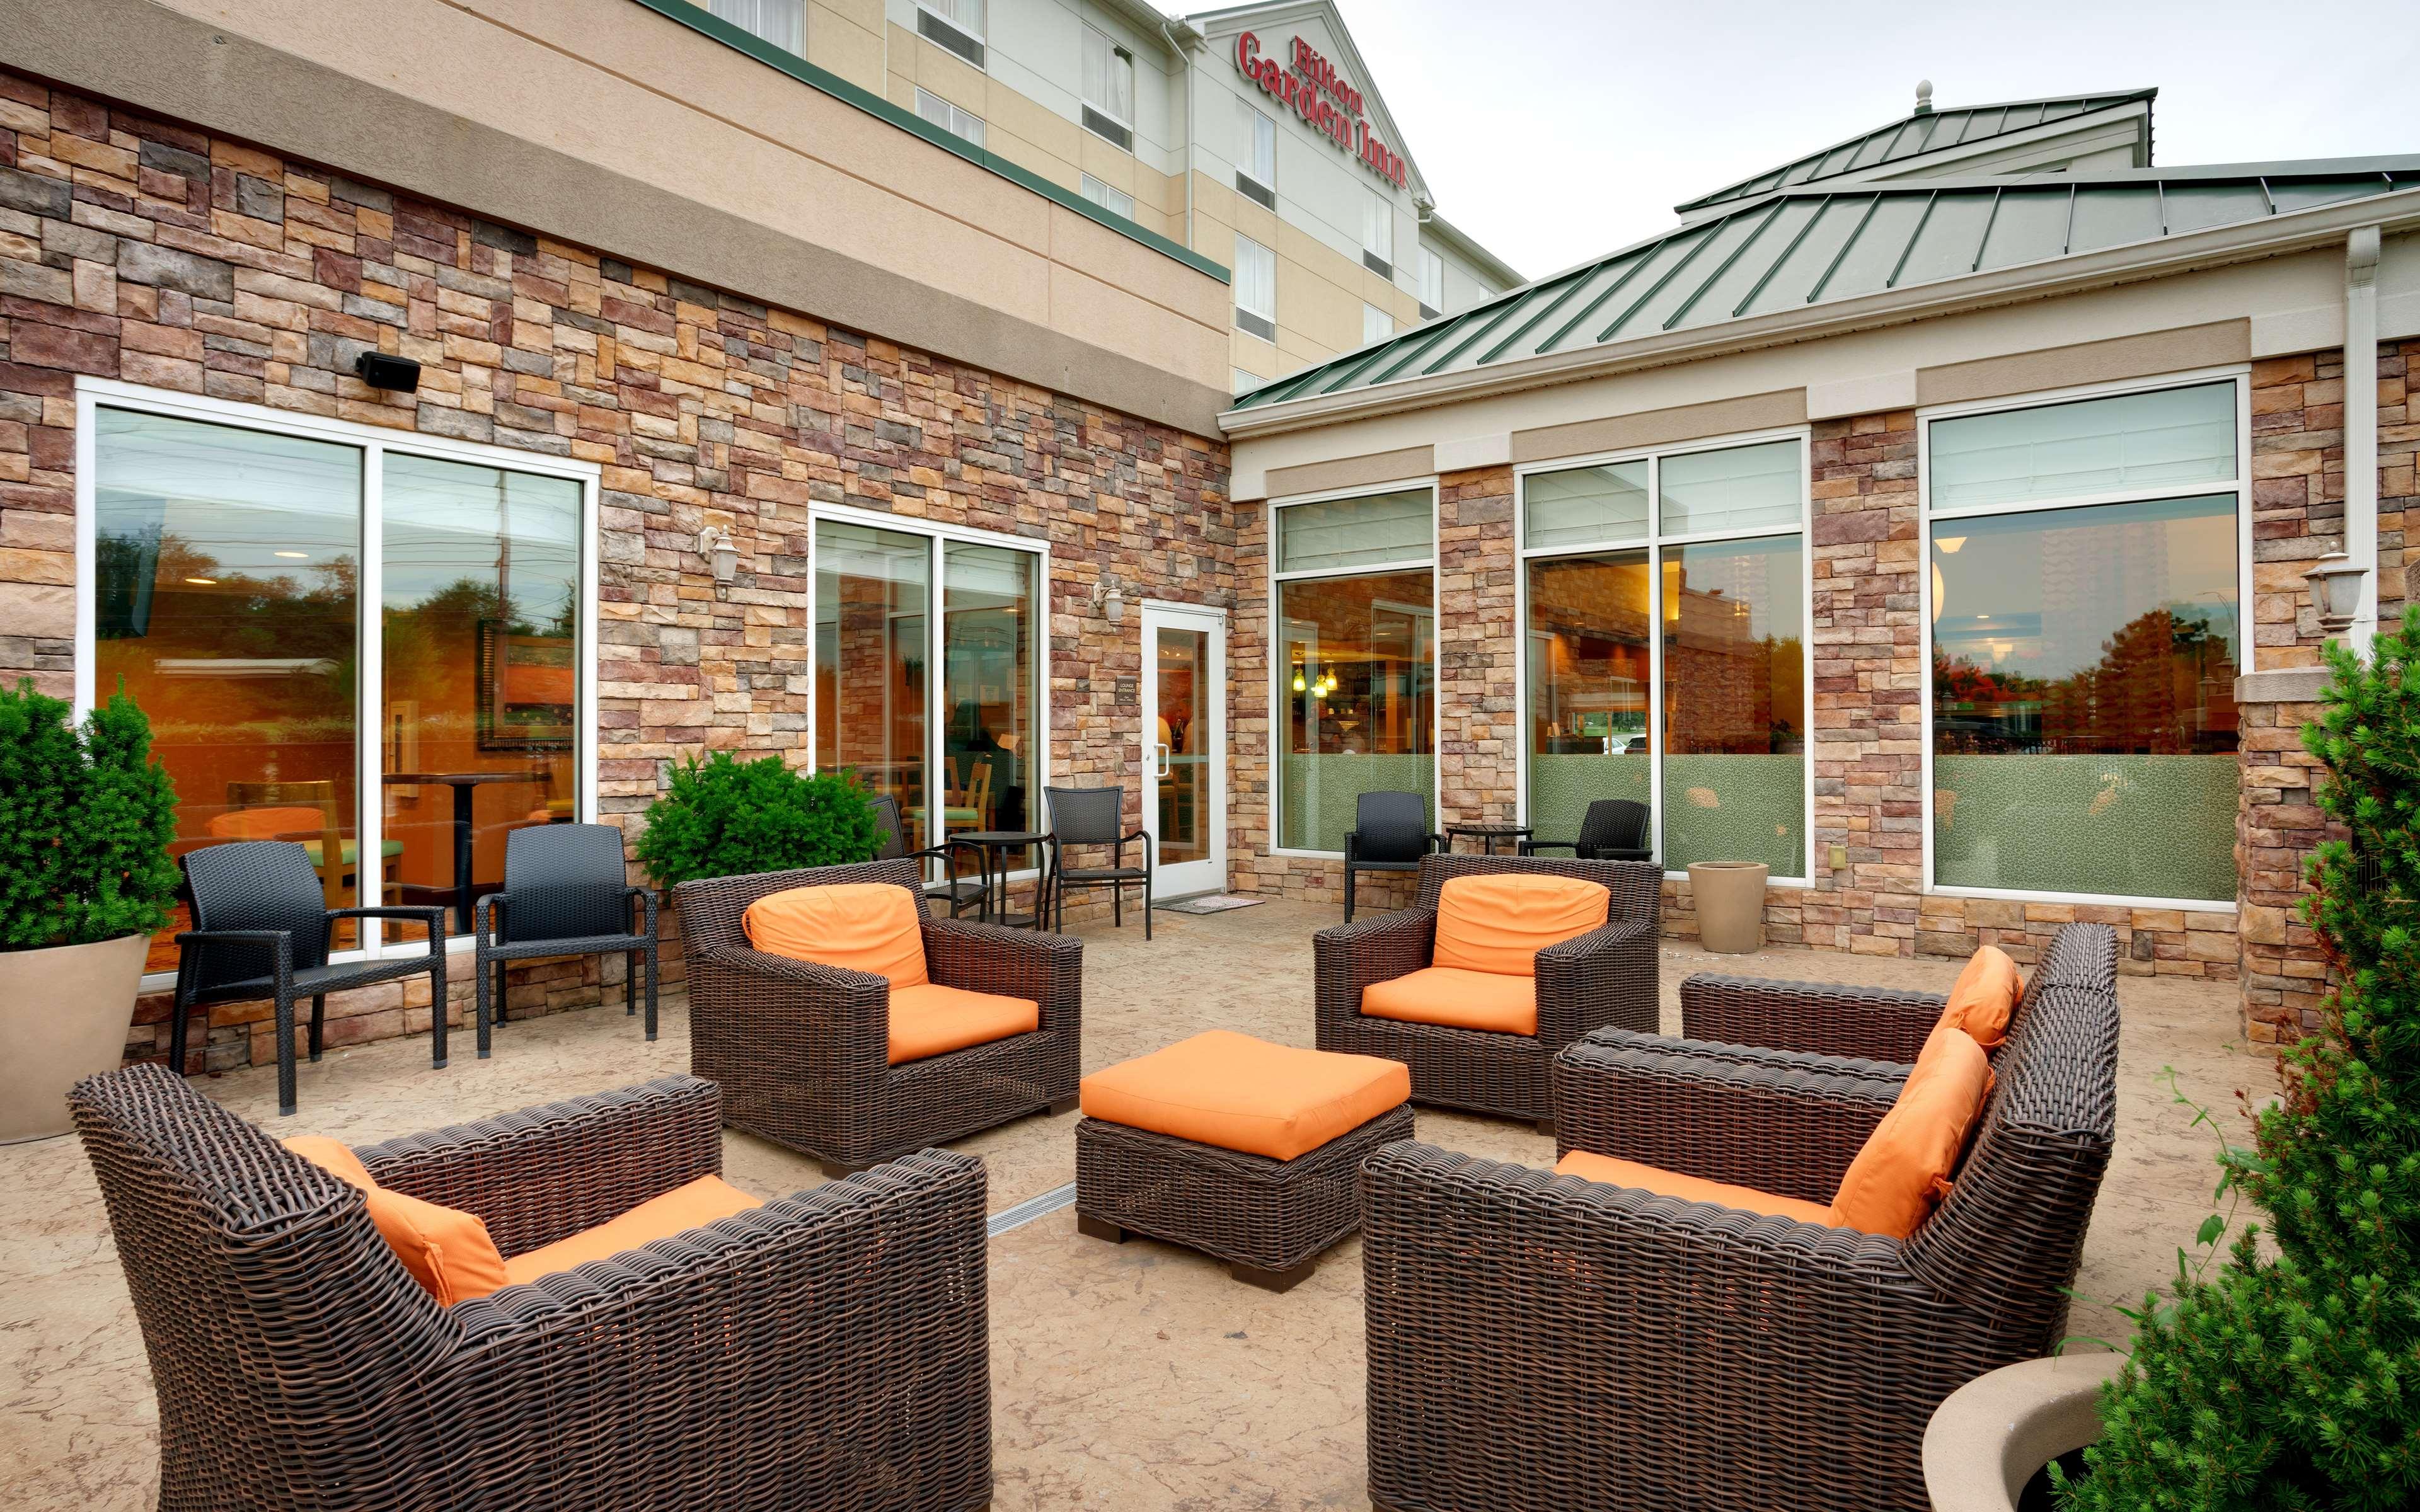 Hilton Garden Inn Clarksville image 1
··········
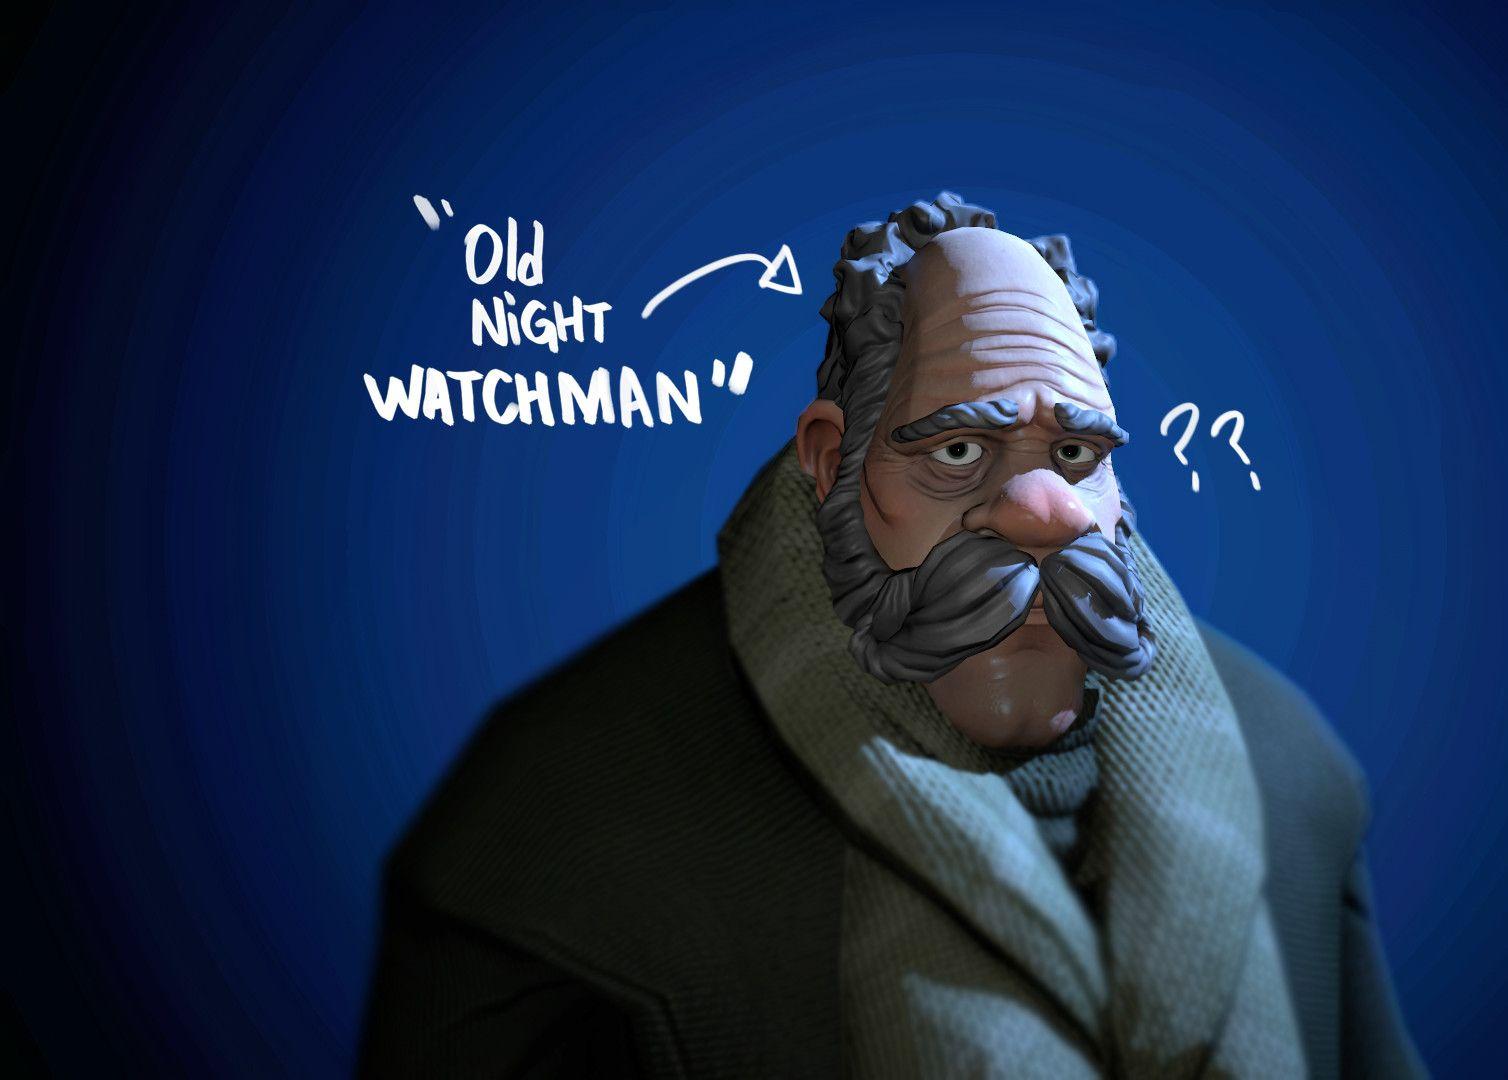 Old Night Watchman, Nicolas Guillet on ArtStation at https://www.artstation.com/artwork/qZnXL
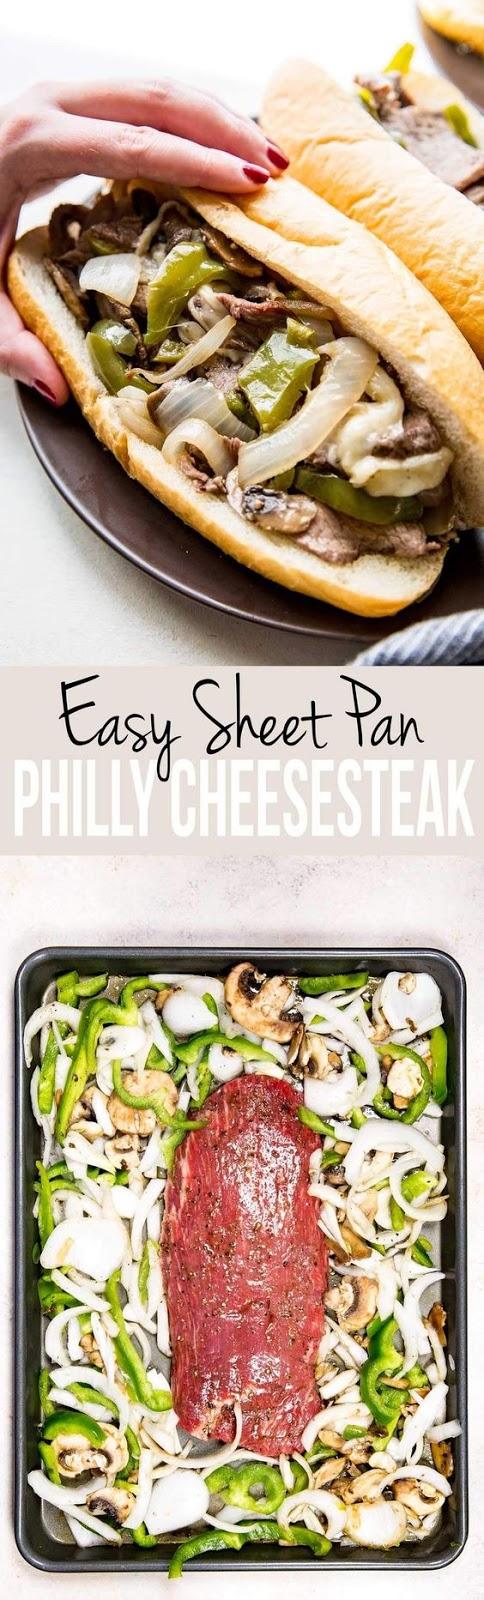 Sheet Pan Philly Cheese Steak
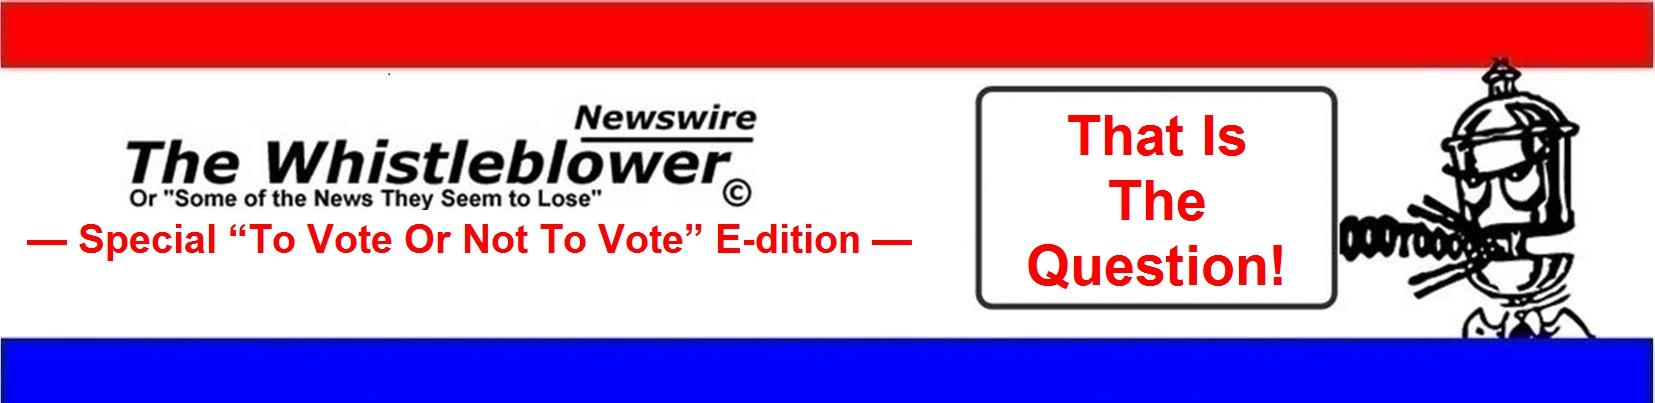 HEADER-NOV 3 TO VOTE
··········
What is being asked :: The copy should hold exactly the lines above from the one with "Old Night Watchman, Nicolas" through the one with "HEADER-NOV 3 TO VOTE", both ends counted, and no pictures at all.

Task solution ::
 Old Night Watchman, Nicolas Guillet on ArtStation at https://www.artstation.com/artwork/qZnXL
 Sheet Pan Philly Cheese Steak
 HEADER-NOV 3 TO VOTE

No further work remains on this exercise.